Task goal
Restate word for word only the lines running from the one with "Turquoise Suede Leather" to the end of the data, both ends included. Omit any pictures.

Data
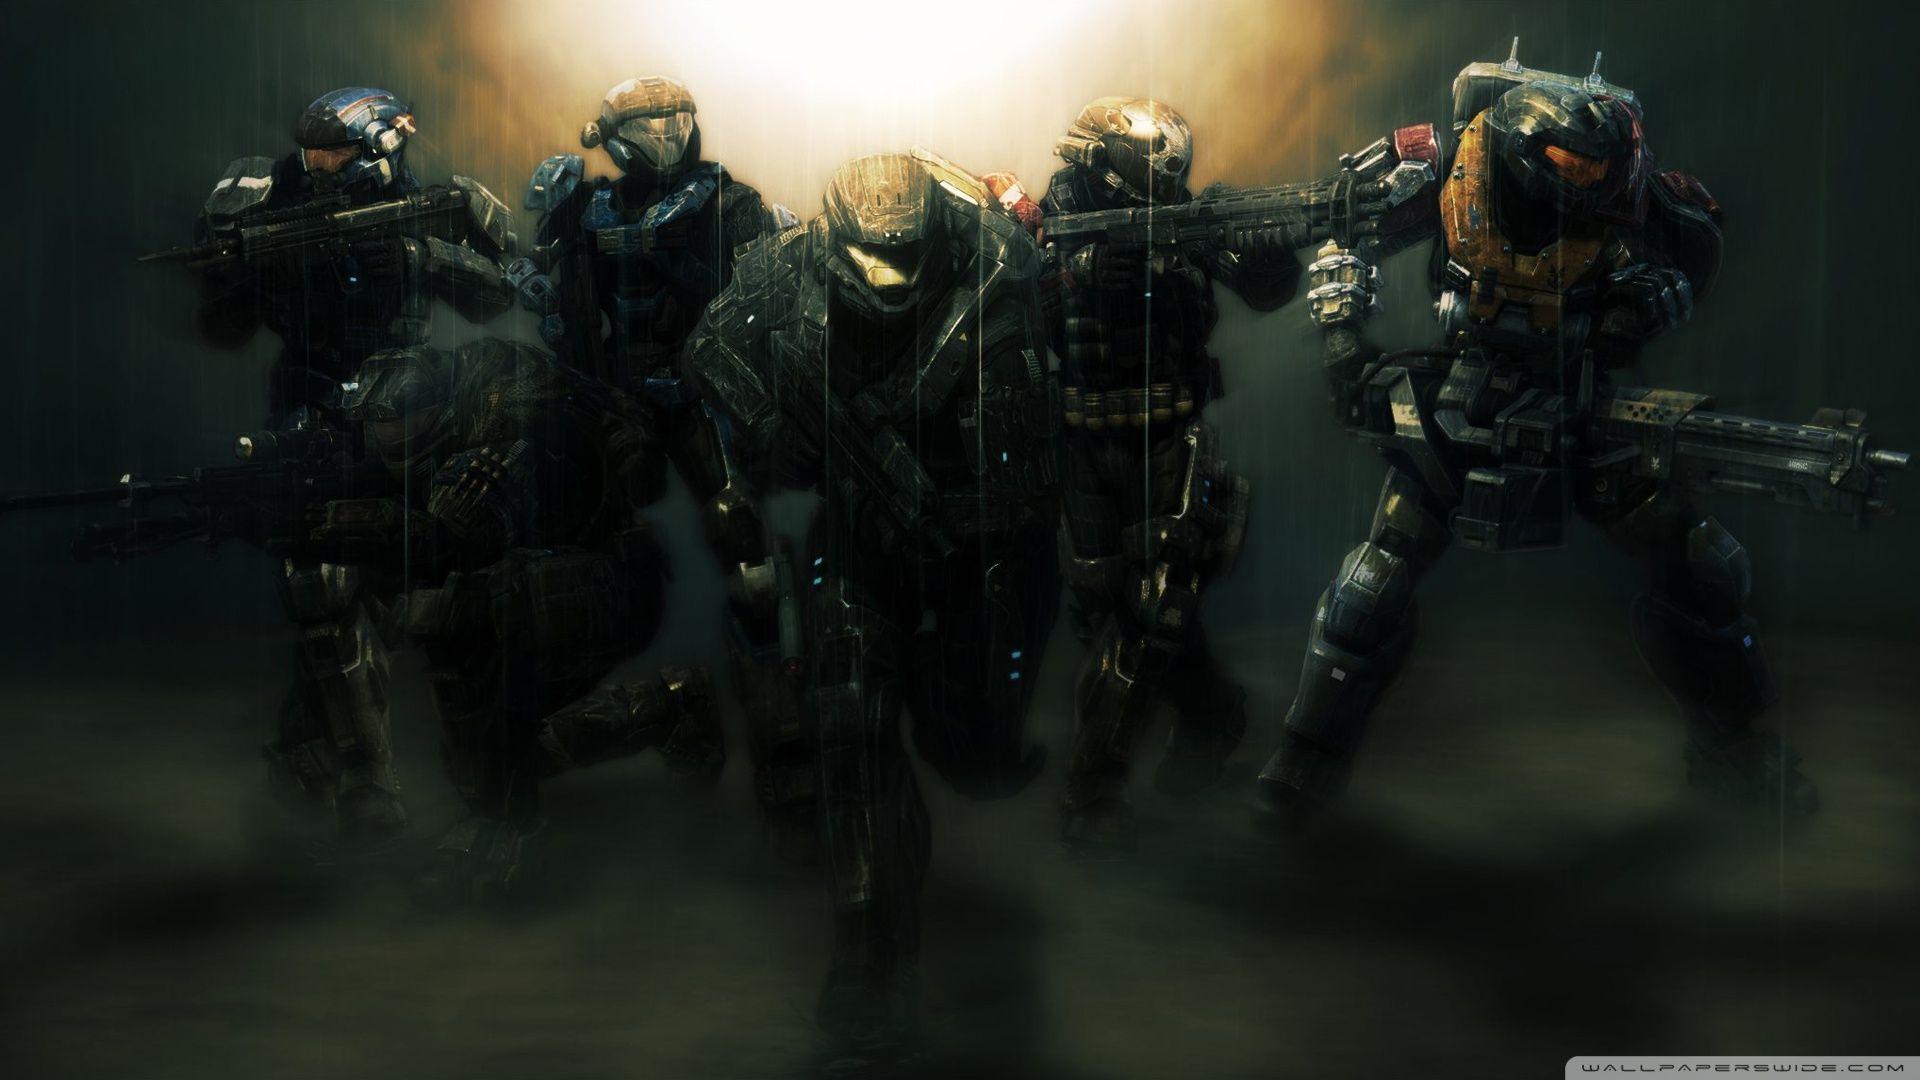 Halo Reach Wallpapers 1080p Wallpaper Cave
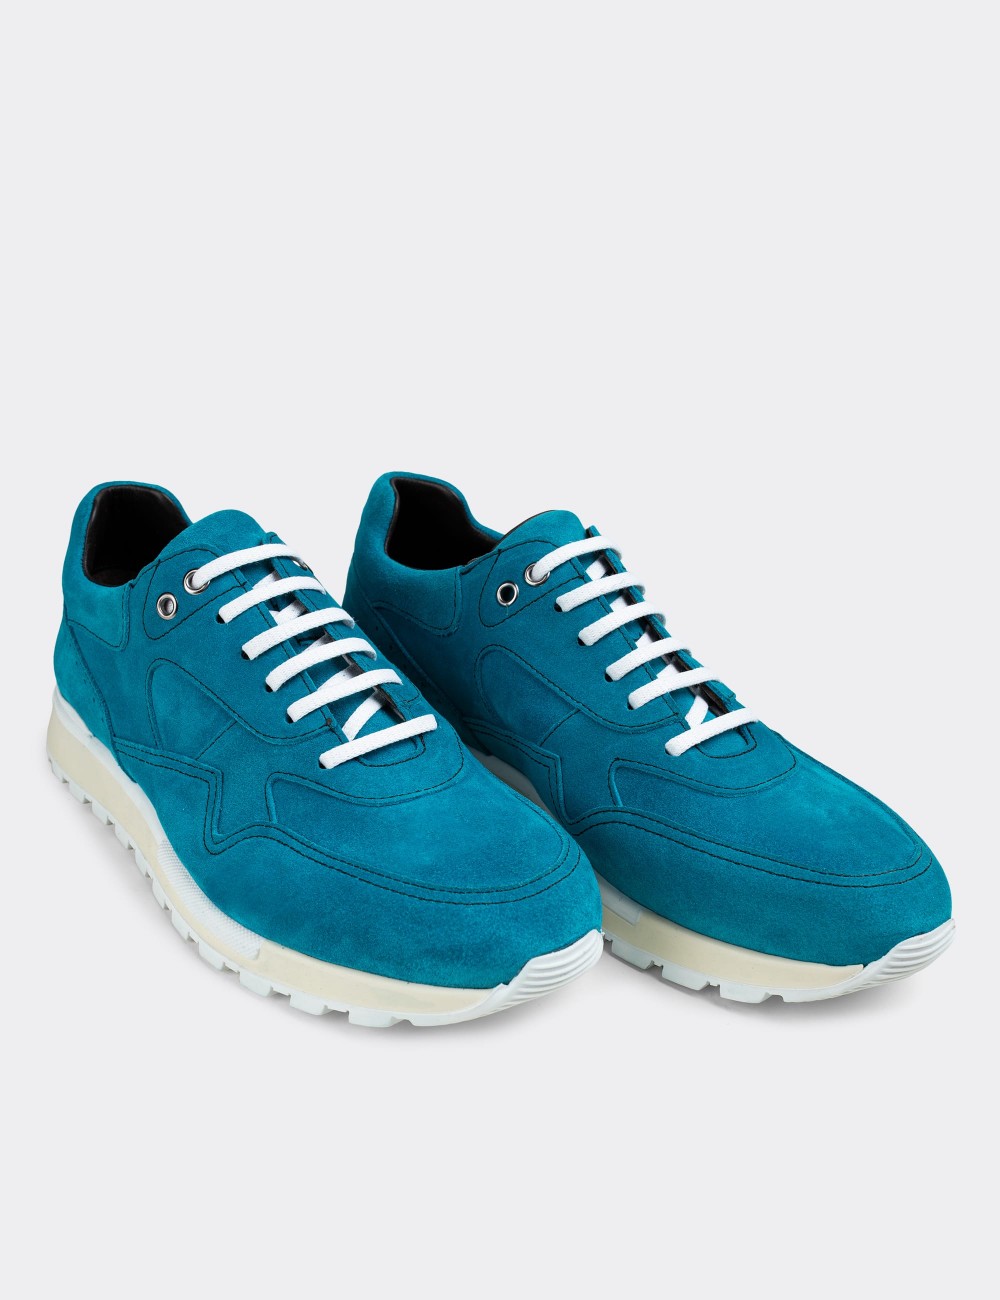 Turquoise Suede Leather Sneakers - 01818MTRKT01
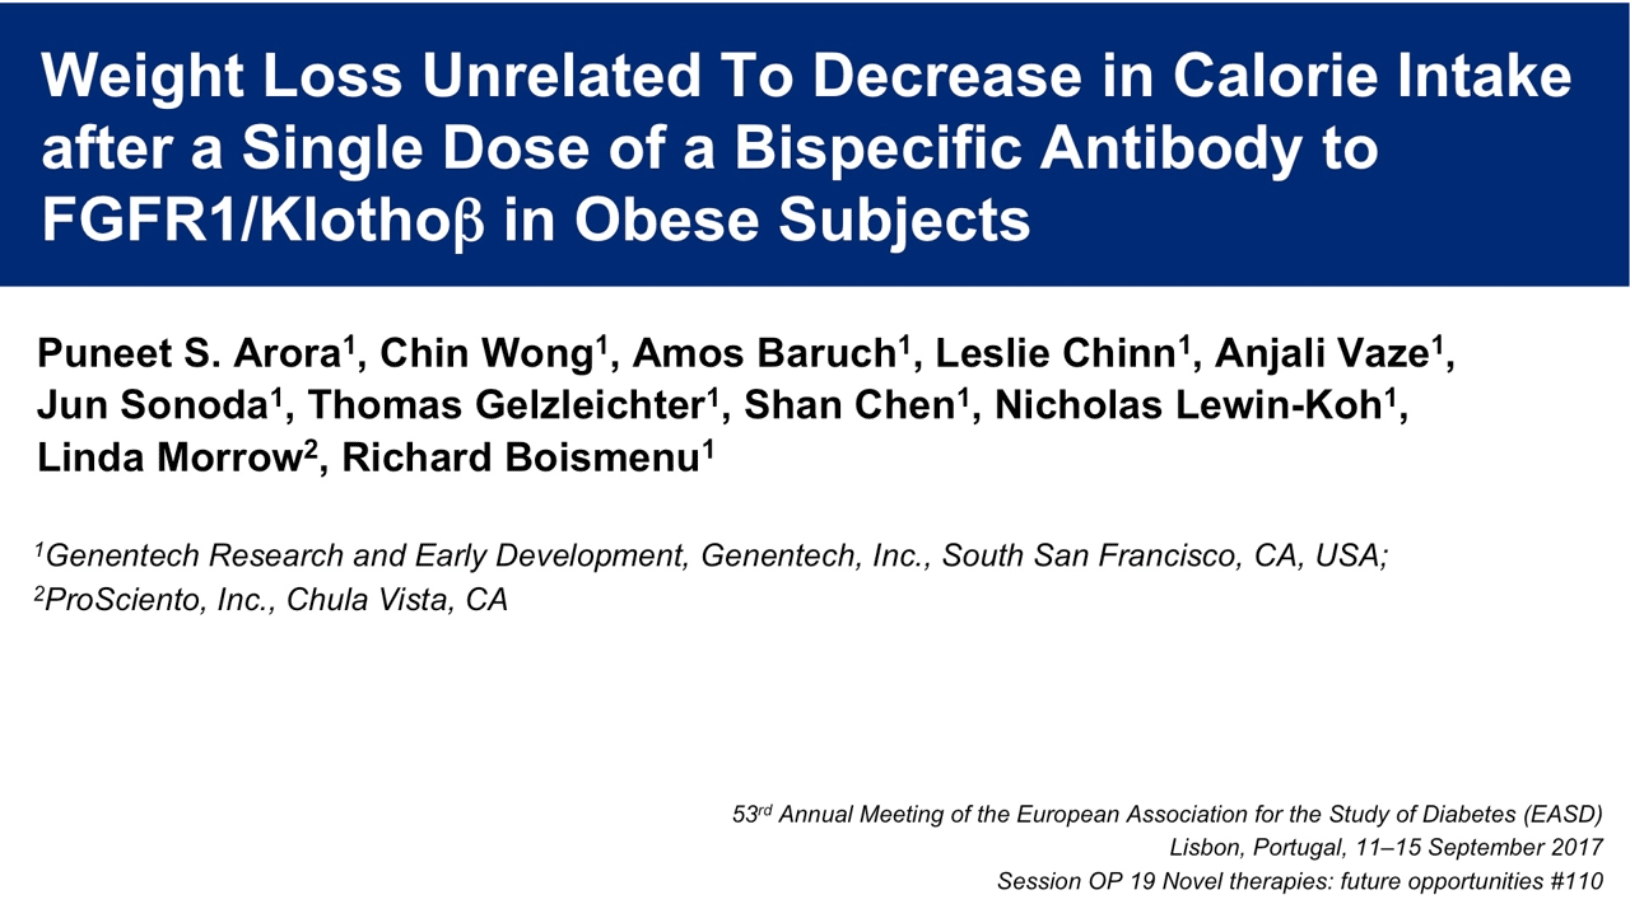 Weight loss unrelated to decrease in calorie intake after a single dose of a bispecific antibody to FGFR1/Klothoβ in obese subjects thumbnail

Solution to this problem
 Turquoise Suede Leather Sneakers - 01818MTRKT01
 Weight loss unrelated to decrease in calorie intake after a single dose of a bispecific antibody to FGFR1/Klothoβ in obese subjects thumbnail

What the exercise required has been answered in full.